Earlier than utilizing AWS Glue to combine knowledge into ClickHouse Cloud, you should first arrange the ClickHouse surroundings on AWS. This contains creating and configuring your ClickHouse Cloud on AWS, ensuring community entry and safety teams are correctly outlined, and verifying that the cluster endpoint is accessible. As soon as the ClickHouse surroundings is prepared, you possibly can leverage the AWS Glue built-in connector to seamlessly write knowledge into ClickHouse Cloud from sources similar to Google Cloud BigQuery. You’ll be able to observe the subsequent part to finish the setup.
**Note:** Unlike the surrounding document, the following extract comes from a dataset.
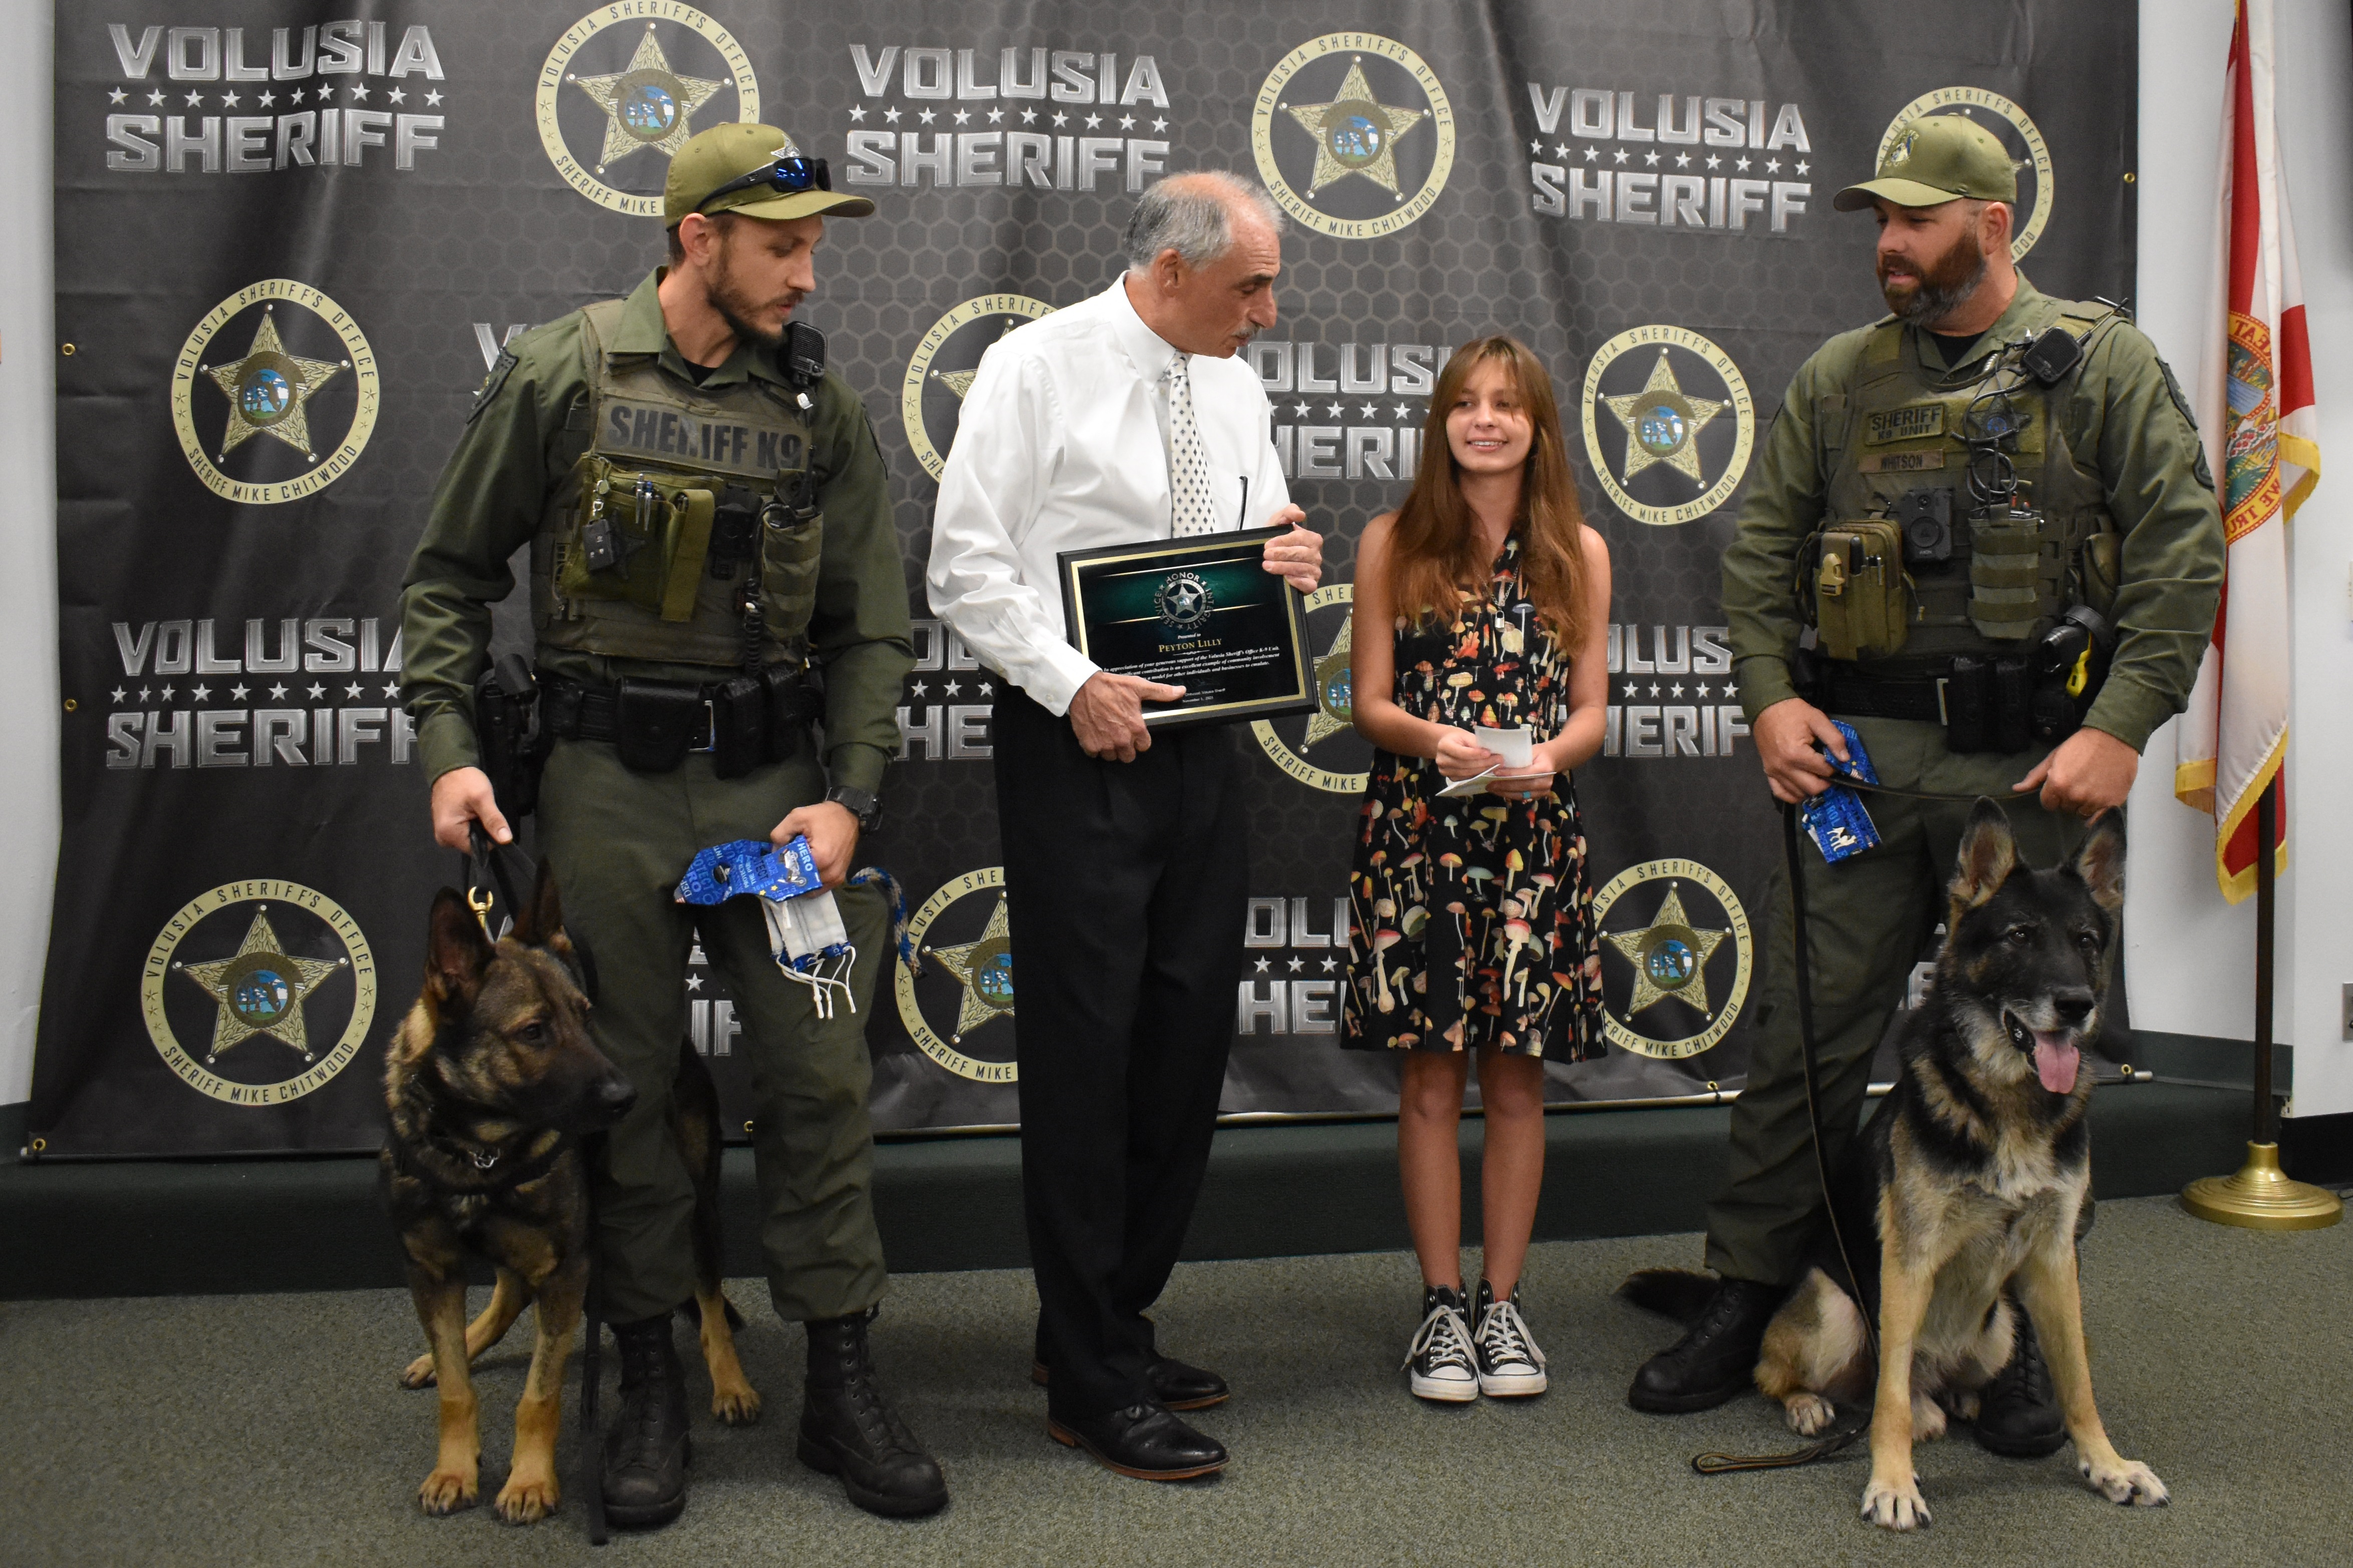 Ormond Beach Girl, 12, Donates $1,000 to Sheriff's Foundation for K-9s Image

Arrange ClickHouse Cloud on AWS
1. Comply with the ClickHouse official web site to arrange surroundings (bear in mind to permit distant entry within the config file if utilizing Clickhouse OSS)
  https://clickhouse.com/docs/get-started/quick-start
Subscribe the ClickHouse Glue market connector
1. Open Glue Connectors and select Go to AWS Market
2. On the record of AWS Glue market connectors, enter ClickHouse within the search bar. Then select ClickHouse Connector for AWS Glue
3. Select View buy choices on the fitting high of the view
4. Evaluate Phrases and Situations and select Settle for Phrases
5. Select Proceed to Configuration as soon as it’s enabled
6. On Comply with the seller’s directions half within the connector directions as under, select the connector enabling hyperlink at step 3

Configure AWS Glue ETL Job for ClickHouse Integration

AWS Glue allows direct migration by connecting with ClickHouse Cloud on AWS by built-in connectors, permitting for seamless ETL operations. Throughout the Glue console, customers can configure jobs to learn knowledge from S3 and write it on to ClickHouse Cloud. Utilizing AWS Glue Knowledge Catalog, knowledge in S3 may be listed for environment friendly processing, whereas Glue’s PySpark assist permits for advanced knowledge transformations, together with knowledge sort conversions, to assist compatibility with ClickHouse’s schema.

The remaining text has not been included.